Oakes explained that the county is asking for several different bids for voluntary, single-stream recycling pickup. The most unique thing about the bid request is that the county wants to set up a system by which the company would rebate a portion of the proceeds from selling recyclable materials back to the residents.

“It would be an incentive to recycle more,” Oakes said, adding that the system would also keep county officials and citizens more aware of commodity prices.

Right now, the value of recyclable materials is very low and many companies can’t even find buyers. Oakes admits that it’s not the best time to start a new recycling program, but he’s optimistic that the world economy will recover.
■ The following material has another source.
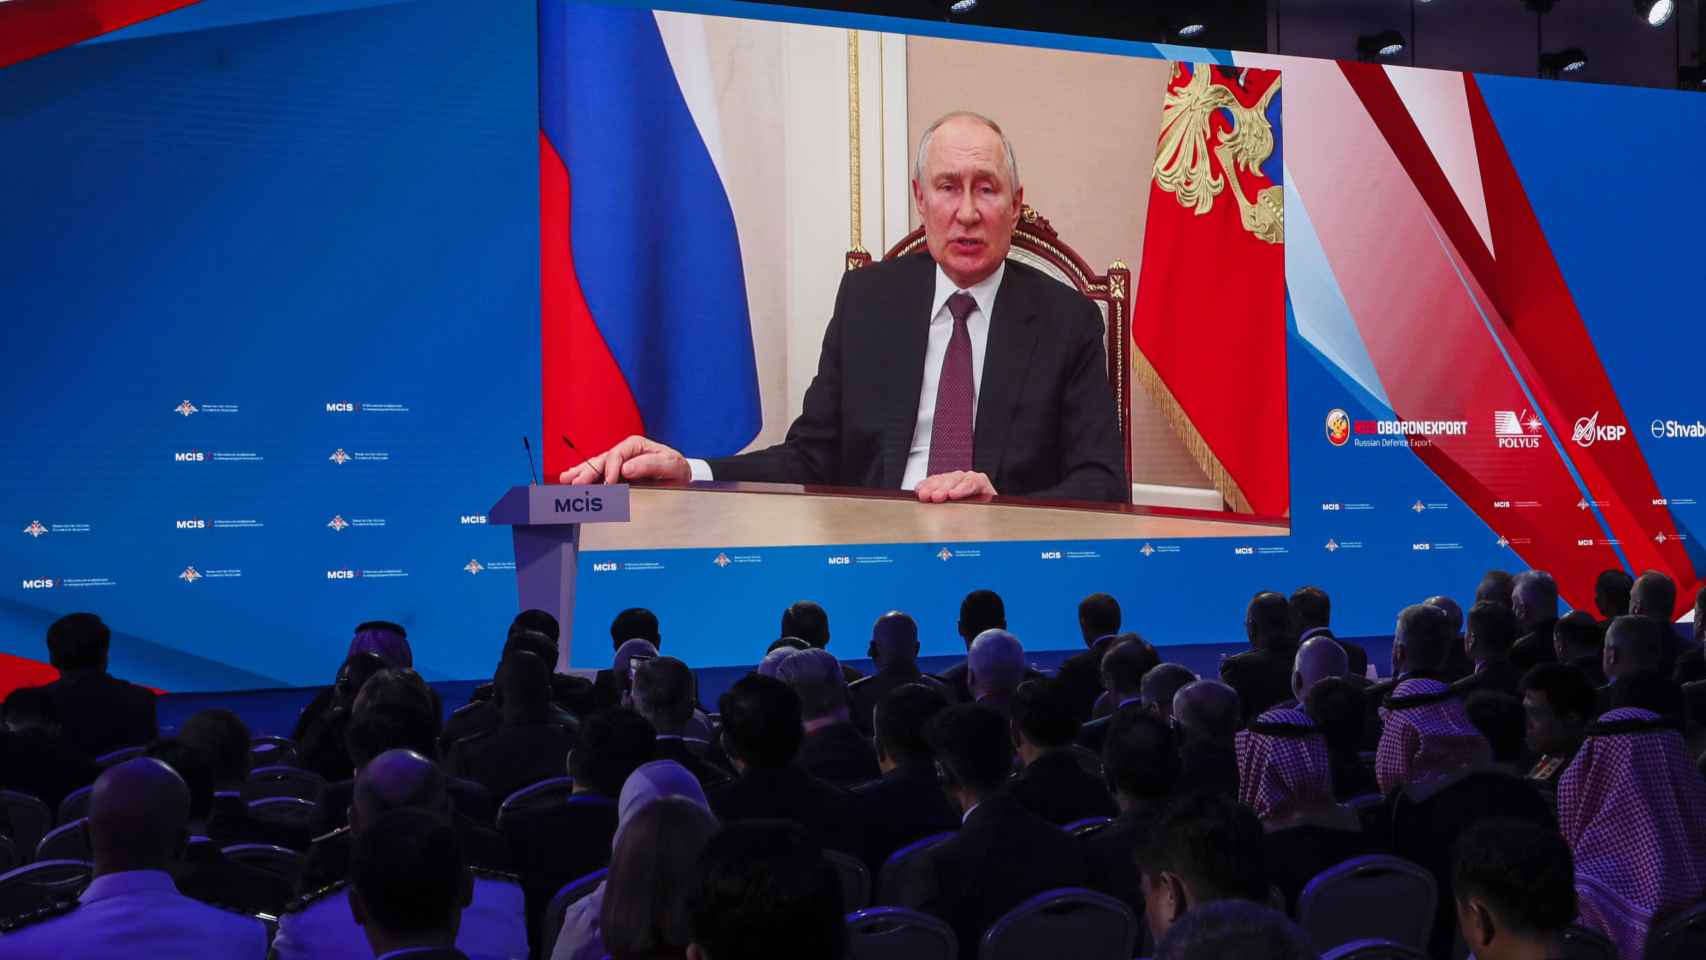 El presidente ruso Vladímir Putin da un discurso por videoconferencia durante la 11ª Conferencia de Seguridad Internacional celebrada en Moscú.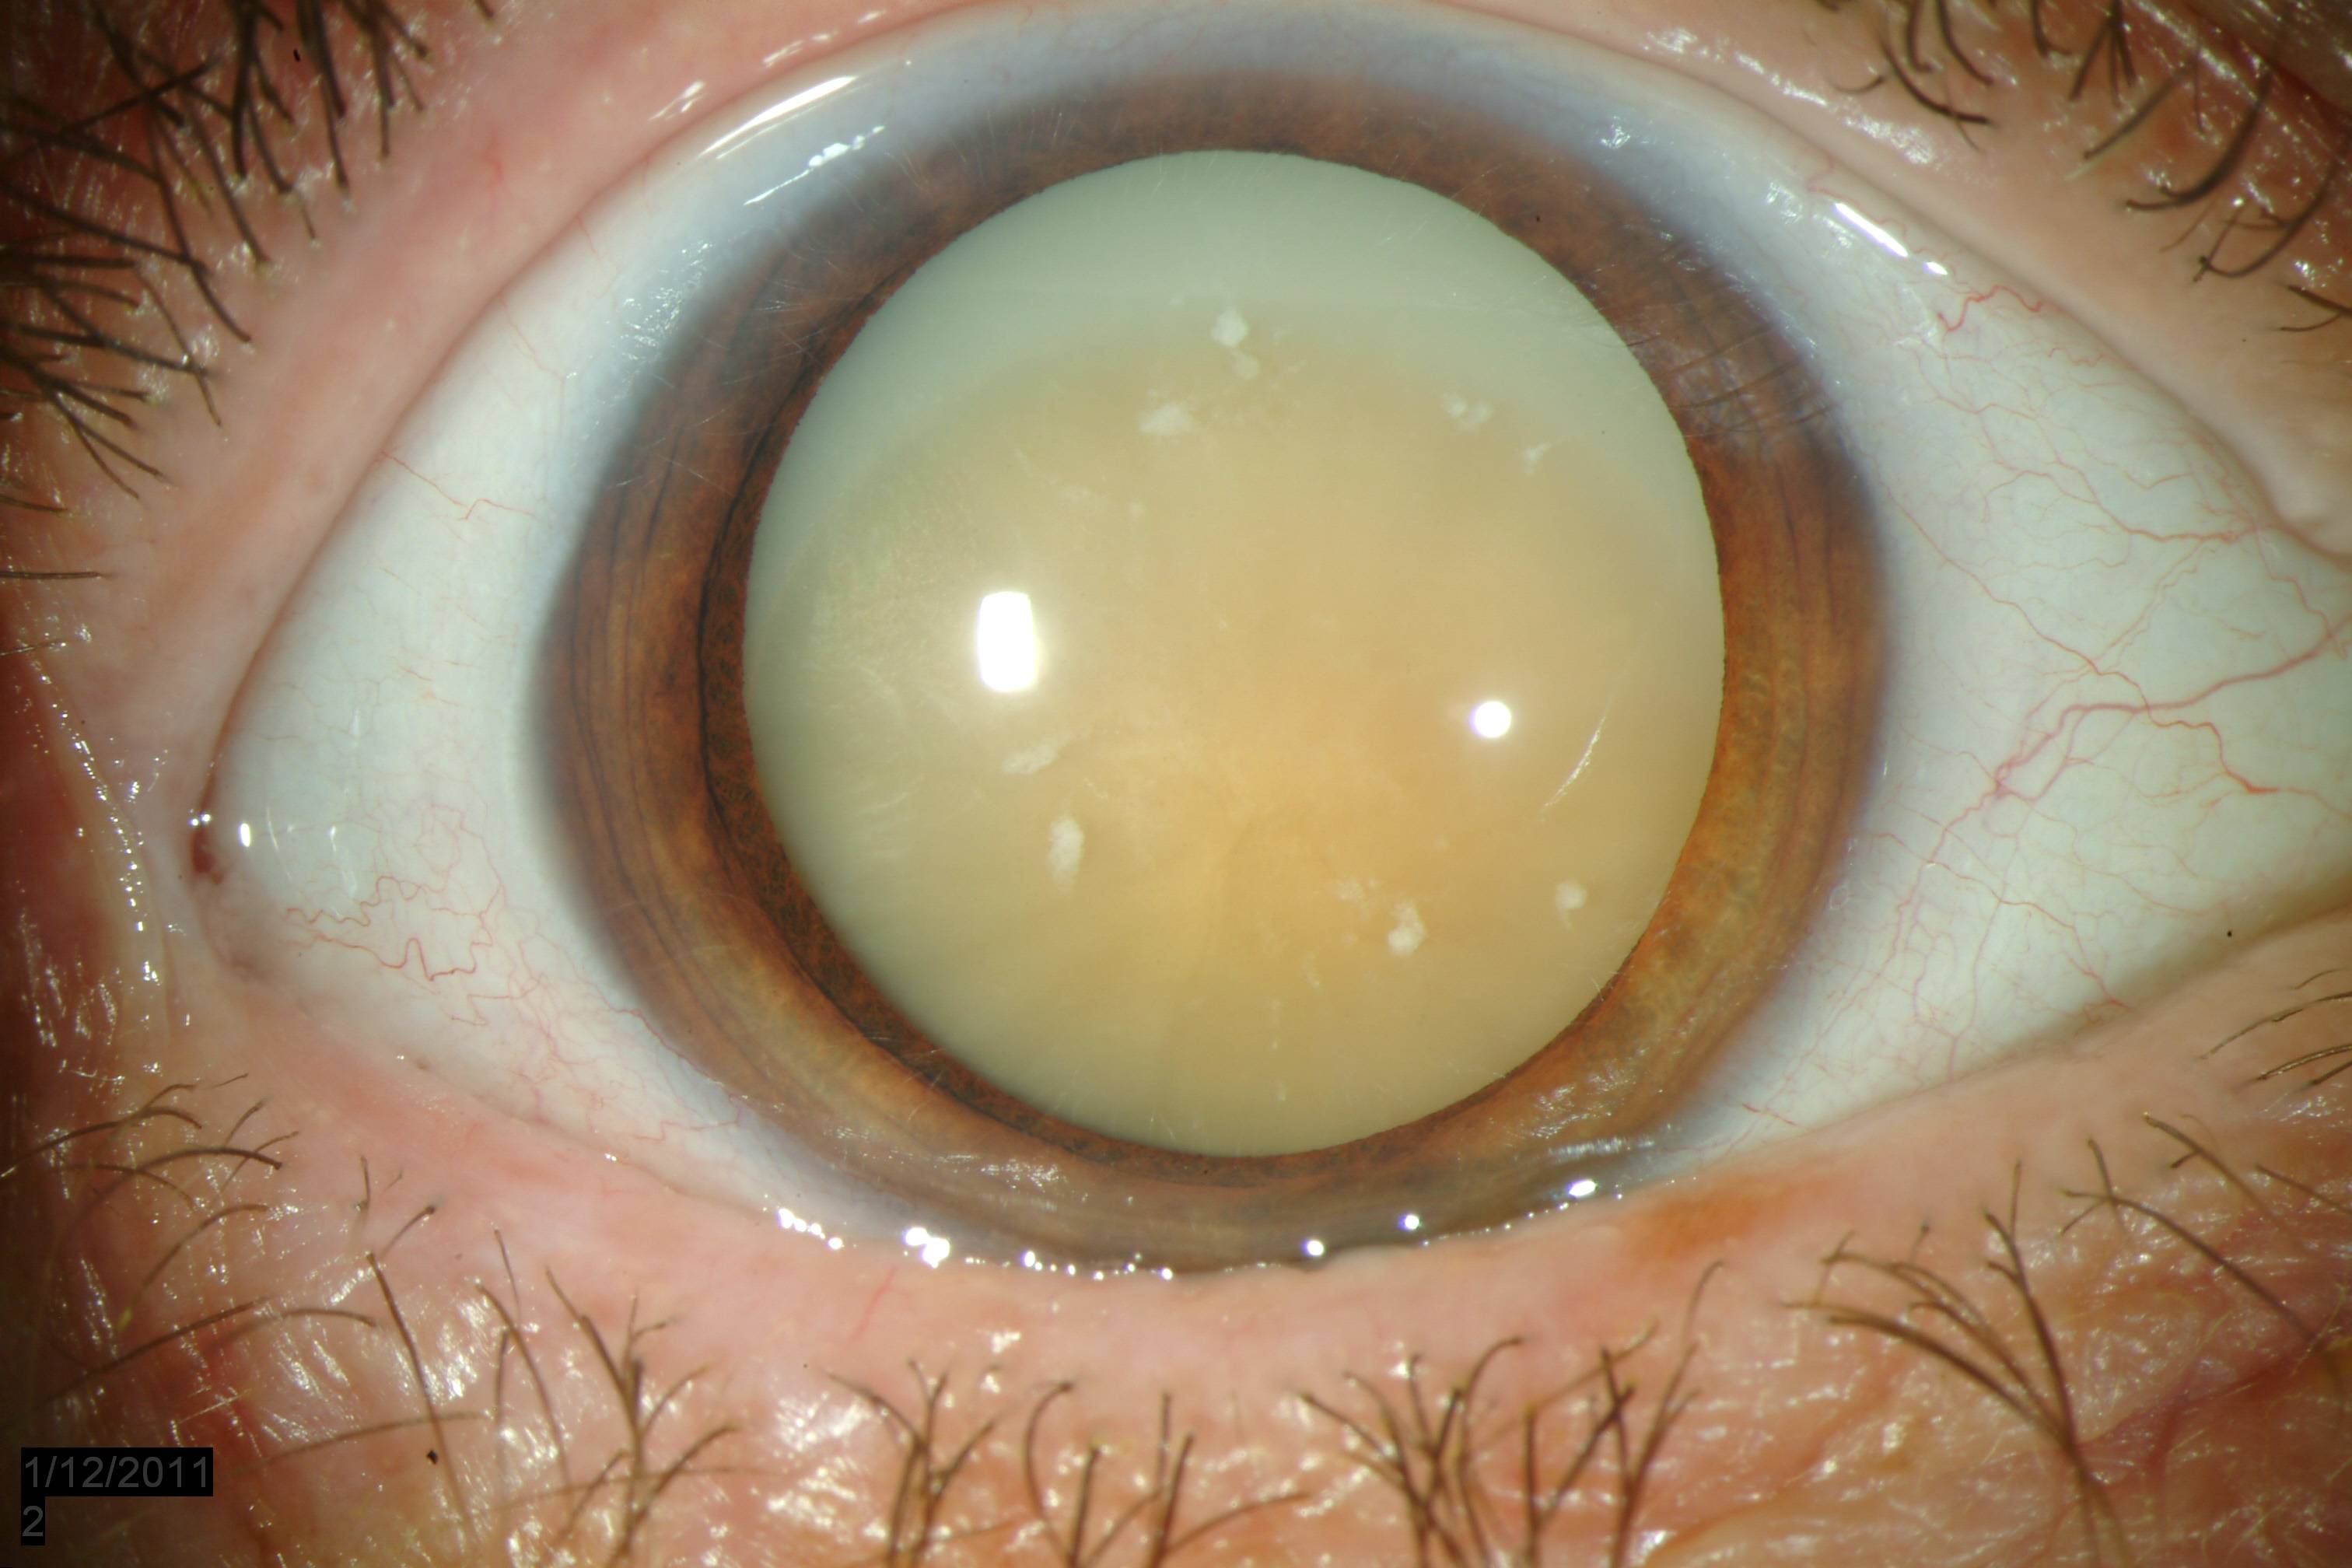 Факосклероз хрусталика глаза - что это, причины и лечение

Commissioner Helen Price Johnson said she’s concerned that the company that picks up recycling will simply dump it into the landfill.

“As a rate payer, I would be paying twice for stuff that’s going to the same landfill,” she said.
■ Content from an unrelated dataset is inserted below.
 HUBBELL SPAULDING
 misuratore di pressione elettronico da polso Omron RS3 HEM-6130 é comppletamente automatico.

Oakes, in response, said there’s really no way to force companies to recycle the material they pick up.

In addition to the rebates, the county is asking for bids for recycling pickup with and without garbage pickup. They also want proposals for recycling pickup with and without glass.

The problem with glass, Oakes explained, is that it’s not worth anything as a commodity, even in good times.

“It’s much easier to make it from sand than to recycle it,” he said.

Also, glass tends to contaminate the commodities, especially paper, when it’s co-mingled. That makes the paper less valuable.

Glass makes up 13 percent of the county’s waste stream and it’s a dense, bulky material. Oakes estimates that the county currently recycles about 26 percent of solid waste, but the goal is 50 percent. It would be hard to reach the goal without glass recycling.

On the other hand, Oakes pointed out that glass is an inert material that wouldn’t cause much harm to the environment if it ends up in a landfill.

Oakes said he’s spoken to people at both Island Disposal and Waste Management, a company that currently offers recycling pickup on Camano Island for $7 a month. He expects that both companies, and possible others, will make proposals.

According to Oakes, the county will officially advertise the request for bids later this month and possibly make a selection by March. The goal is to have the curbside pickup of recyclables available this year.